HUD also recently unveiled its new Preserving Community and Neighborhood Choice rule, which replaces the 2015 Affirmatively Furthering Fair Housing (AFFH) regulation and guts the fundamental provisions of the Fair Housing Act’s AFFH mandate, such as eliminating discriminatory housing practices, taking active steps to end segregation, promoting integration, and ensuring that all neighborhoods are well-resourced and that their residents have access to opportunity.

Both the new Disparate Impact rule and the new rule to replace the 2015 AFFH regulation will only worsen an already bleak housing landscape brought on by the COVID-19 pandemic and economic downturn. 

Here are some other key facts highlighted in the report:

  • Rental housing-related complaints in 2019 accounted for 83.75 percent of all transaction types reported.
  • Complaints alleging discrimination on the basis of disability continued to constitute the largest percentage of complaints at 58.90 percent, followed by race-based complaints at 16.47 percent, and familial-status based complaints at 7.71 percent.
  • The gap in homeownership rates between Blacks and Whites, at 30 points, is back to where it was in 1890.
  • The number of housing discrimination complaints in 2019 declined from a 25-year high in 2018 but remained significant in 2019 at 28,880.
  • Private fair housing organizations continued to process more complaints, 73.12 percent, than all government agencies combined.

Despite the challenges outlined in the NFHA report, there have been some notable steps toward progress. Fair housing organizations and others brought important housing discrimination cases in 2019 to confront injustice and won significant victories in cases designed to bring redress for discrimination in metro areas throughout the U.S.  

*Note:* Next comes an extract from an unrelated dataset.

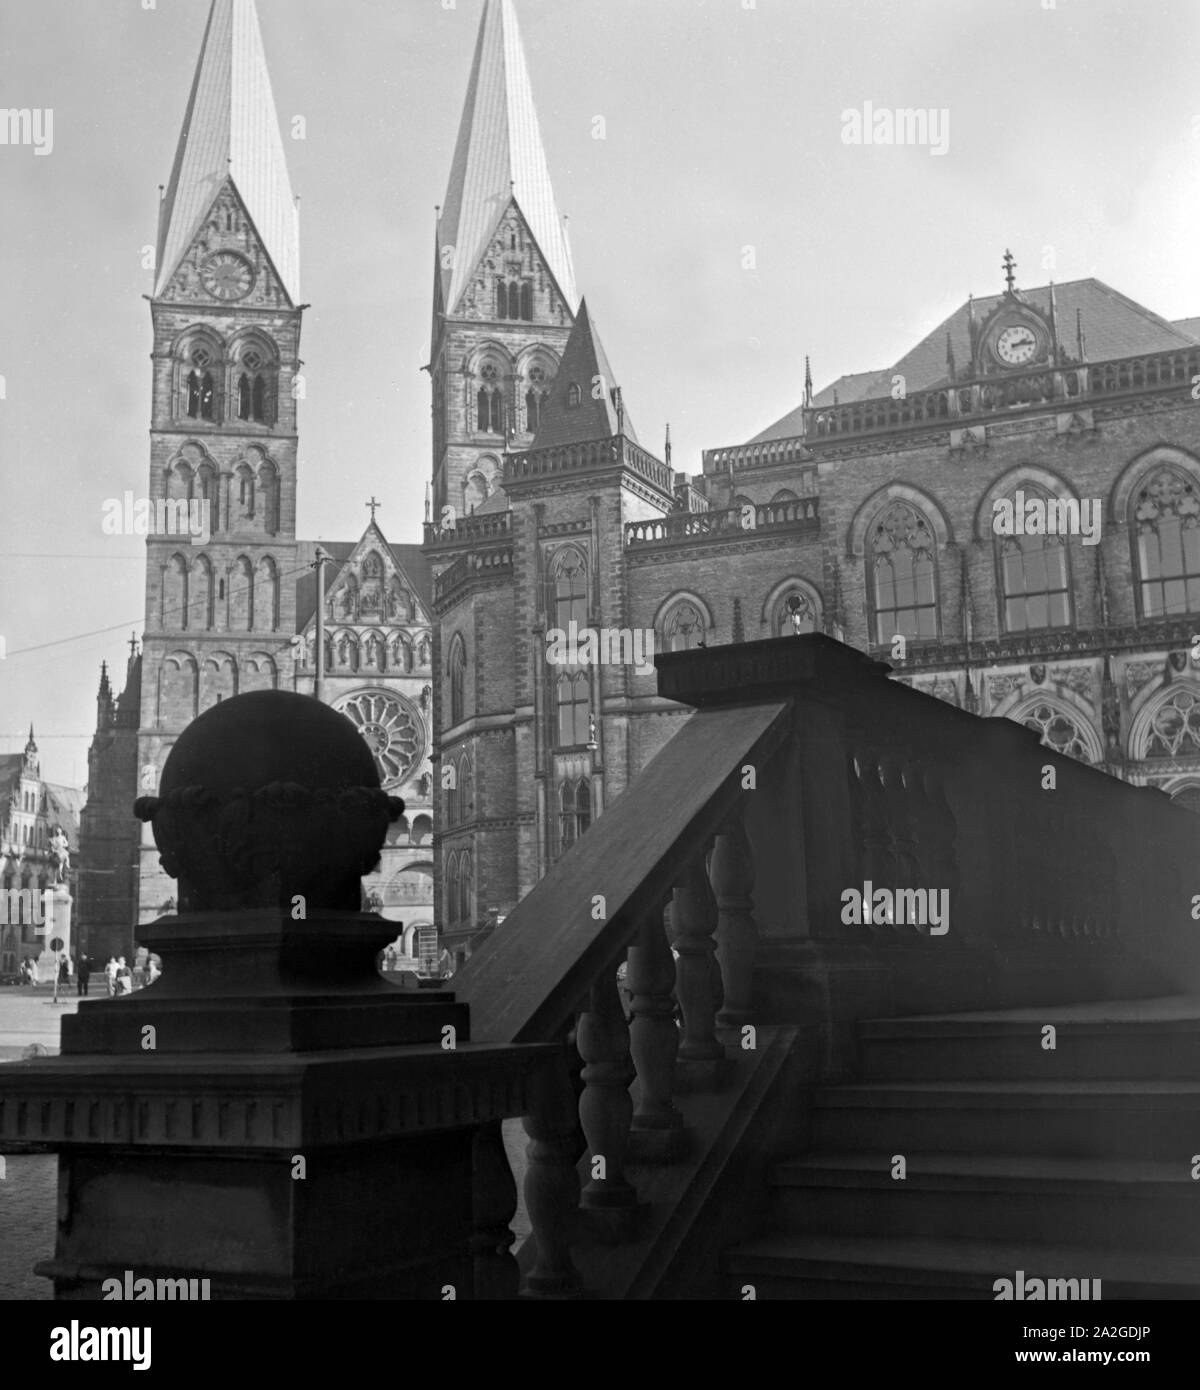 Frontalansicht vom St. Petri Dom di Brema, Deutschland 1930er Jahre. Lato anteriore della Basilica di San Pietro a Bremen, Germania 1930s. Foto Stock

The following recommendations are among several in the report designed to bring the nation closer to achieving housing justice:

  • Congress must pass protections for homeowners and renters to prevent loss of housing caused by the COVID-19 pandemic and economic crisis.
  • HUD must immediately rescind its new Disparate Impact rule and reinstate the 2013 regulation.
  • HUD must rescind its Preserving Community and Neighborhood Choice rule, reinstate the 2015 regulation, and resume its implementation and enforcement.
  • HUD must conduct research into the nature and extent of sexual harassment in housing situations.

This report, like NFHA’s previous annual reports, compiles data from private, nonprofit fair housing organizations and government agencies from throughout the country to provide a snapshot of the nation’s fair housing enforcement activities and critical issues in fair housing. NFHA has collected this data since 1995.


About The National Fair Housing Alliance

Founded in 1988, NFHA is a consortium of more than 200 private, nonprofit fair housing organizations and state and local civil rights agencies from throughout the United States. Headquartered in Washington, D.C., NFHA works to eliminate housing discrimination and ensure equal housing opportunity for all people through leadership, education, outreach, membership services, public policy initiatives, community development, advocacy, and enforcement.